De solozang van Michael Whiteman ligt prettig in het gehoor, een beetje Nik Kershaw-achtig, wat hoger, meer galm ook. Daarnaast weet hij zelfs het maniakale stemgeluid van Roger Waters te emuleren, bijvoorbeeld in openingssong Ghost Train (part 1), knap hoor. De briljante samenzang is de kers op de taart.
Pure progressieve rock uit Engeland, vertolkt door uitstekende musici. Op hun website hebben ze het over ‘onbeschaamde progressieve muziek’ als ze hun albums beschrijven. Maar er is hier niets om je voor te schamen, integendeel zou ik zeggen. Met gastoptredens van Sally Minear (Dave Bainbridge, Celestial Fire) en Ryo Okumoto (Spock’s Beard) wordt het al indrukwekkende gezelschap musici nog eens verder versterkt.

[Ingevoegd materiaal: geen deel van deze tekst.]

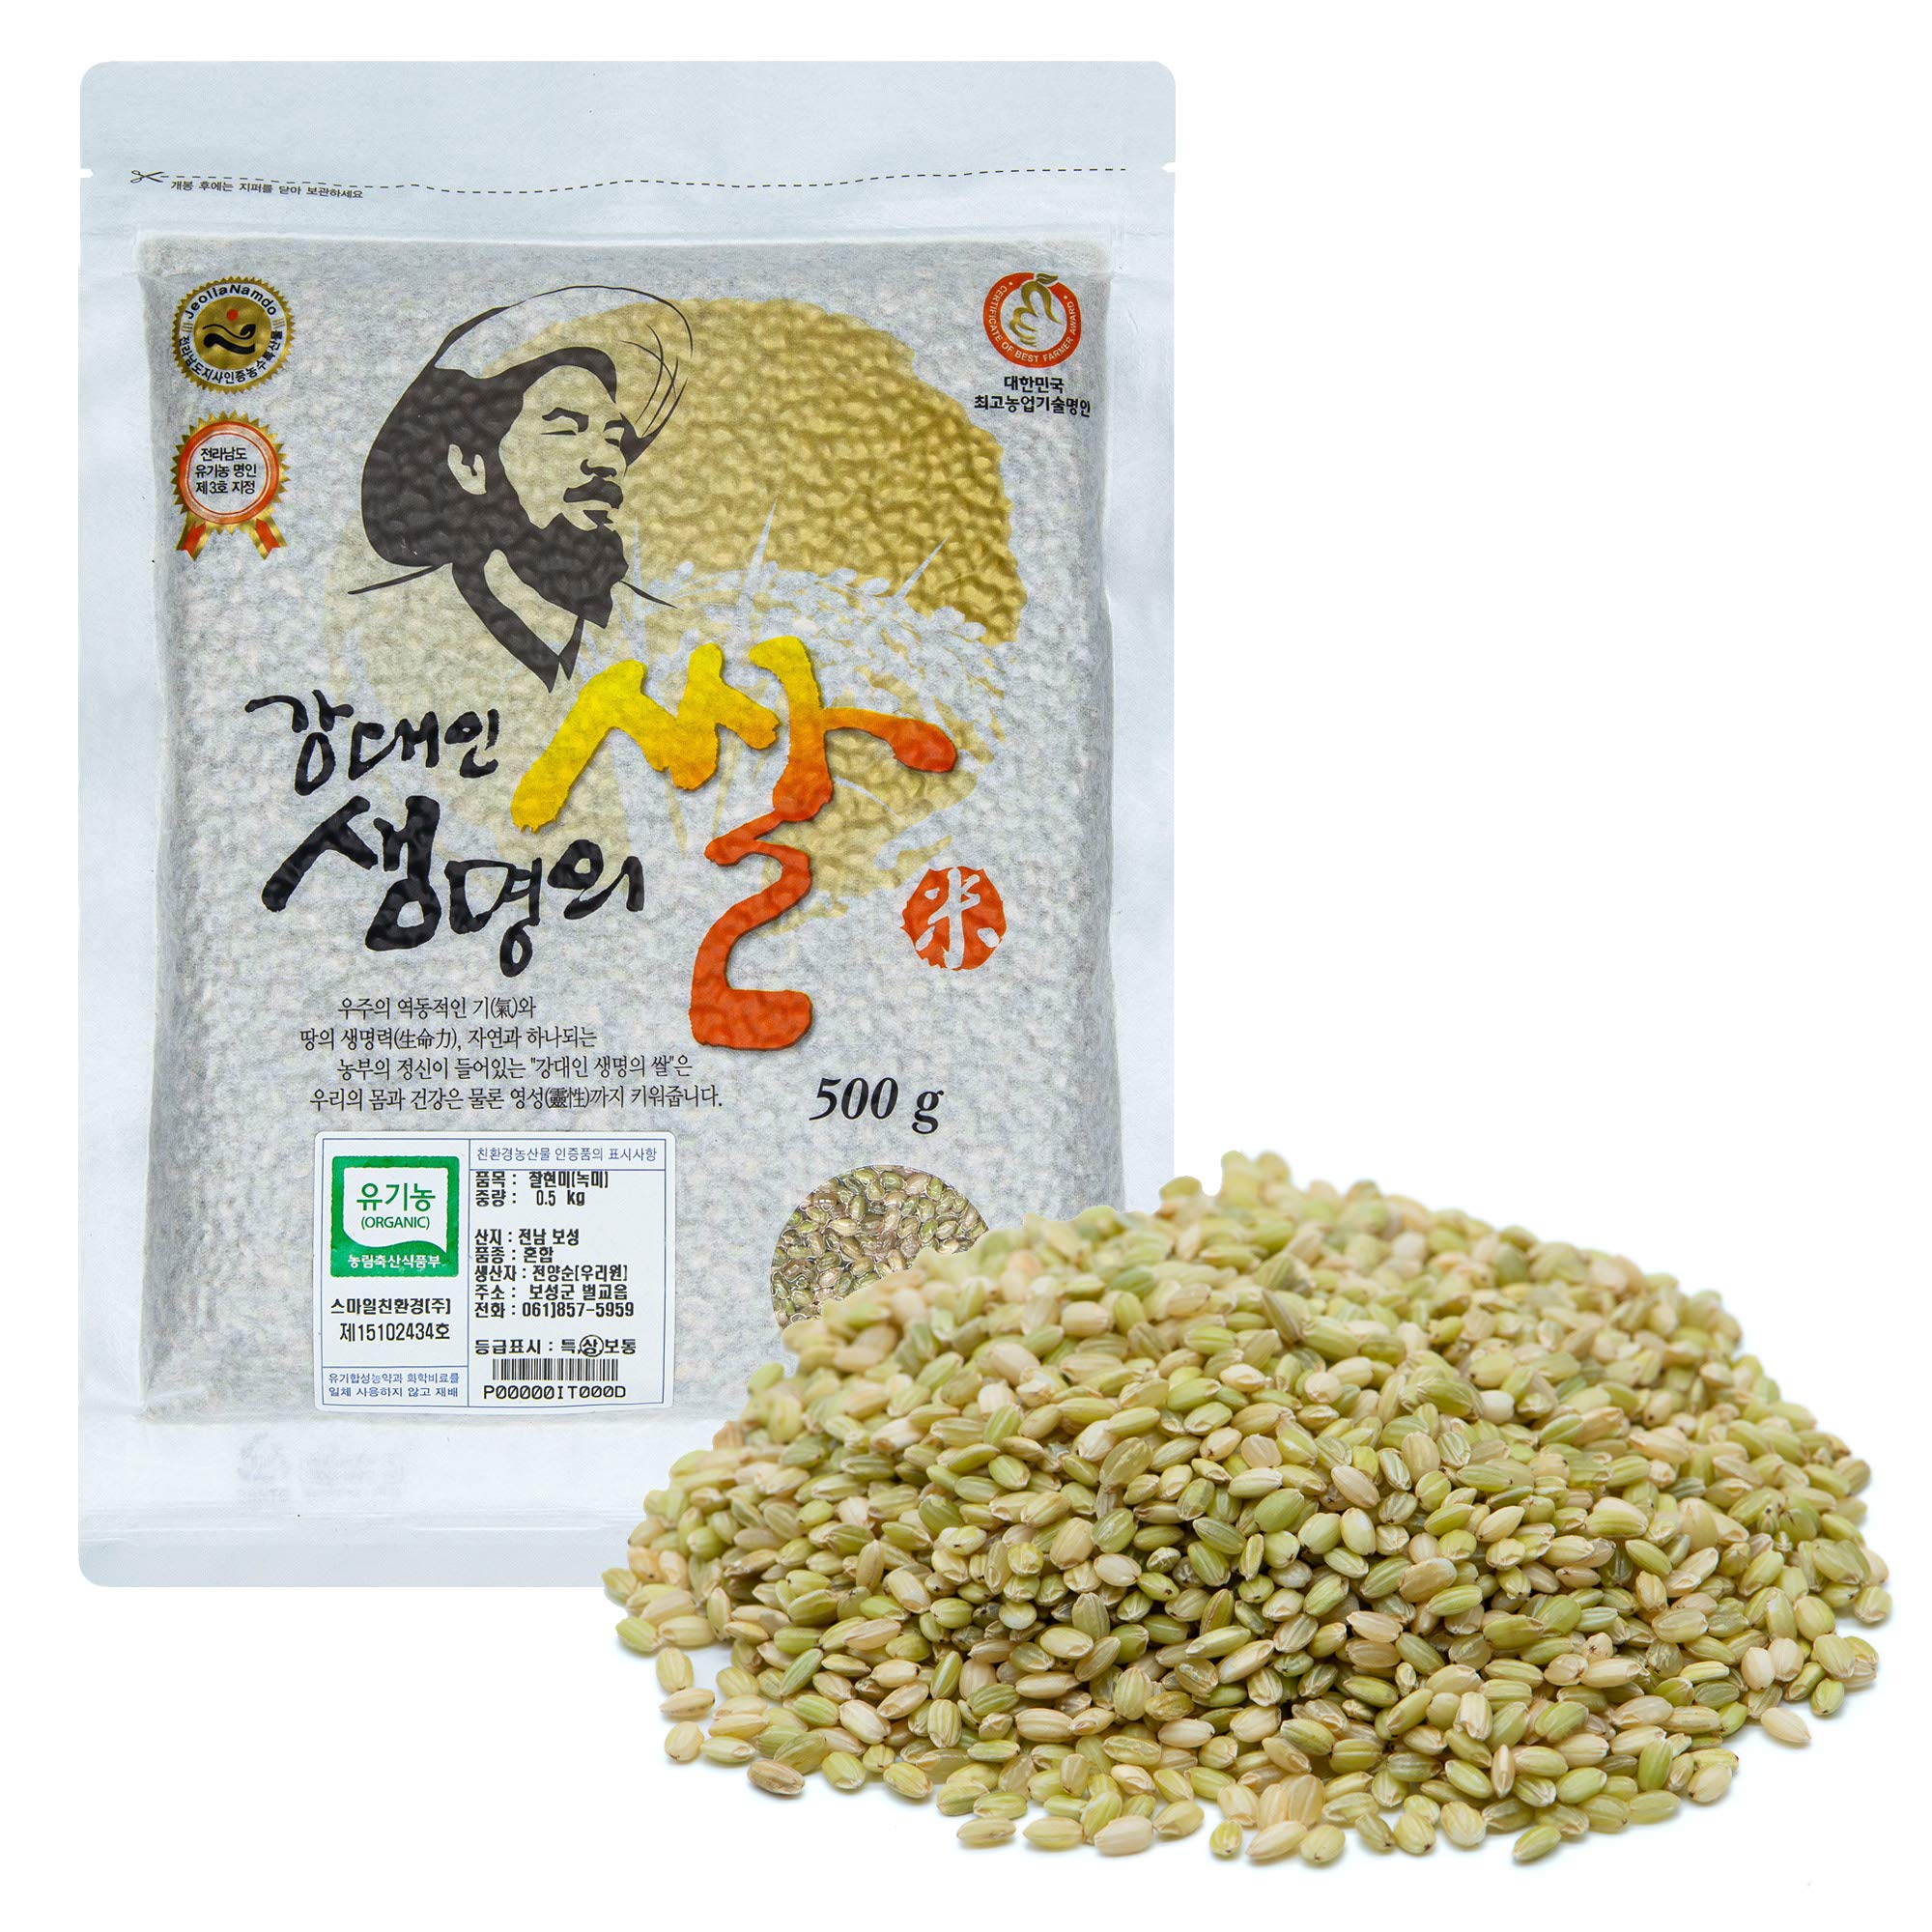 Premium Green Rice [ Korean Foods ] Organically Grown, Healthy Vegan Grains, Non GMO, No Pesticide [ JRND Foods ]

Er staat veel zang op het album, heel veel zang zelfs, enorme lappen tekst. OK, het is een conceptalbum, maar ik word af en toe een beetje moe van de vele vocale gedeelten en snak soms naar wat meer instrumentale stukken, de balans is bij tijd en wijle een beetje zoek. Maar dat is dan ook de enige kritiek die ik heb op het nieuwe werk van The Whale.

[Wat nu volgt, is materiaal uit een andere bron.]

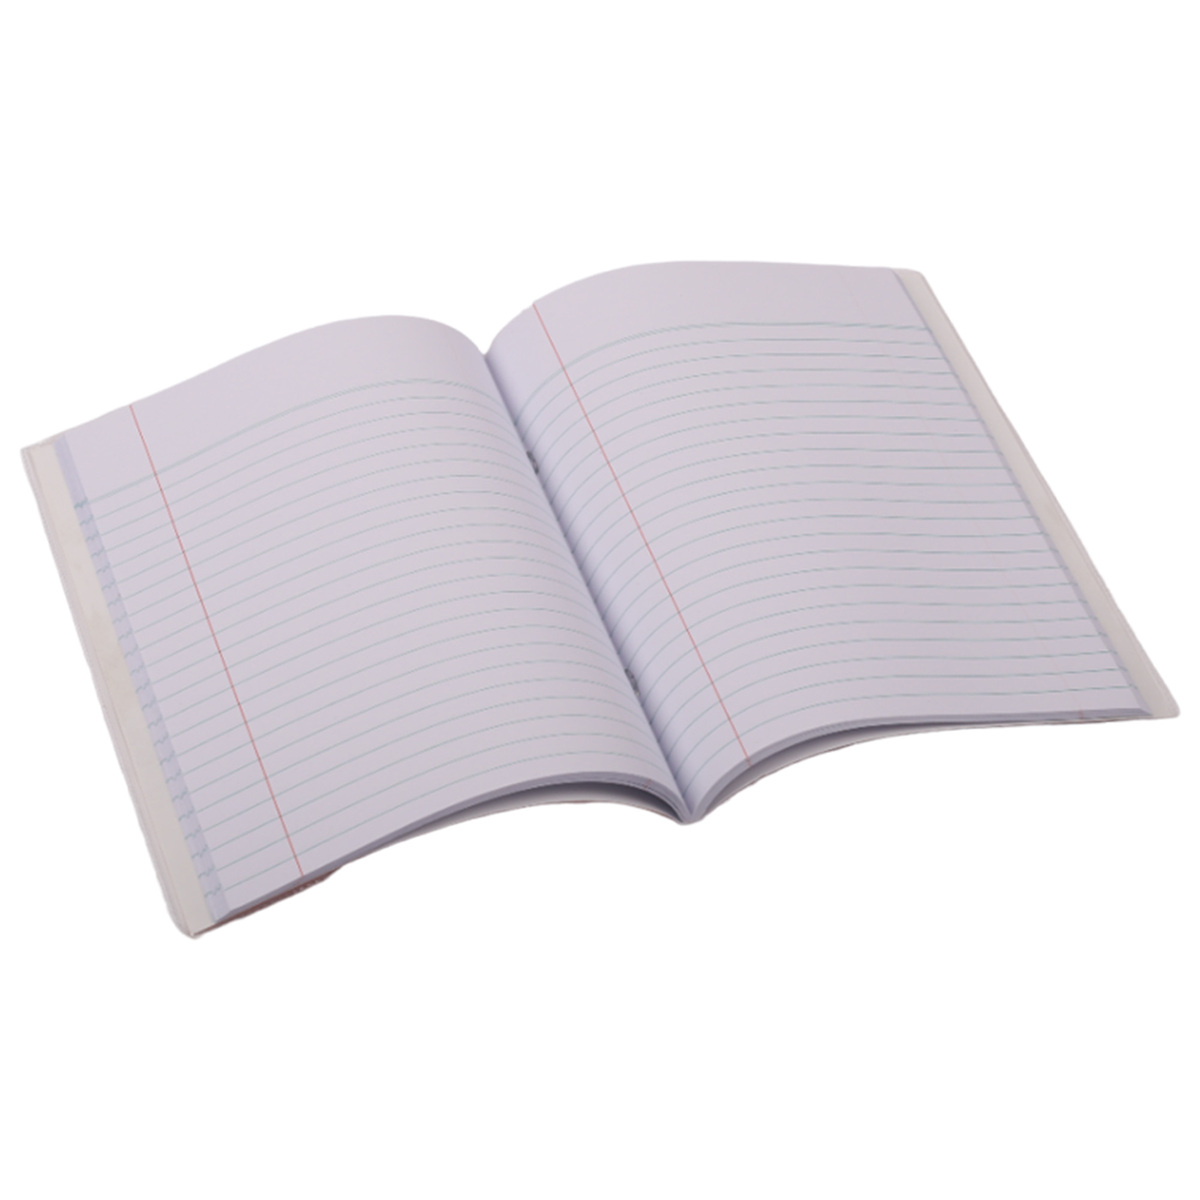 Sadaf Notebook Brown Cover Single Line 60 Sheets

Er is een veelheid aan mooie thema’s en memorabele melodieën, terugkerend ook zoals het in goede progrock traditie hoort; het eerste en laatste nummer vormen samen een zogenaamd ‘book-end’, de thema’s van Ghost Train (part 1), keren terug in We Interrupt This Broadcast. Dit laatste nummer is meteen ook het meest epische van alle songs. Het duurt bijna een kwartier en bevat al die aspecten die I Am The Manic Whale maken tot wat het is: een van de beste progrockbands van het moment. Maar ook het verhalende Nautilus, klokkend op ruim dertien minuten, mag er zijn.
Wederom is gebruikgemaakt van de uitstekende, glasheldere productie van Rob Aubrey, bekend van zijn werk voor Big Big Train. Er zijn meer overeenkomsten met BBT: de melodieën, de bijzondere verhalende onderwerpen, het conceptuele karakter, het typisch Engelse ook. Overigens hebben ze op hun tweede studioalbum “Gathering the Waters” uit 2017 een nummer staan over de Nederlandse kunstenaar Theo Jansen, bekend van zijn ‘strandbeesten’, dus niet alles gaat over puur Engelse onderwerpen. Hetzelfde geldt voor het verhaal over het ontstaan van de Rubik’s Cube in Erno’s Magic Cube op het nieuwe album.
Dit is bepaald een prettige kennismaking met dit kwartet uit het graafschap Berkshire, ruim een uur prima prog in de beste traditie van het genre. Met zekerheid een van de betere uitgaven dit jaar. En nu maar hopen dat ze ook nog eens de oversteek maken voor optredens buiten het Verenigd Koninkrijk. Dat moet voor een walvis toch geen probleem zijn lijkt me.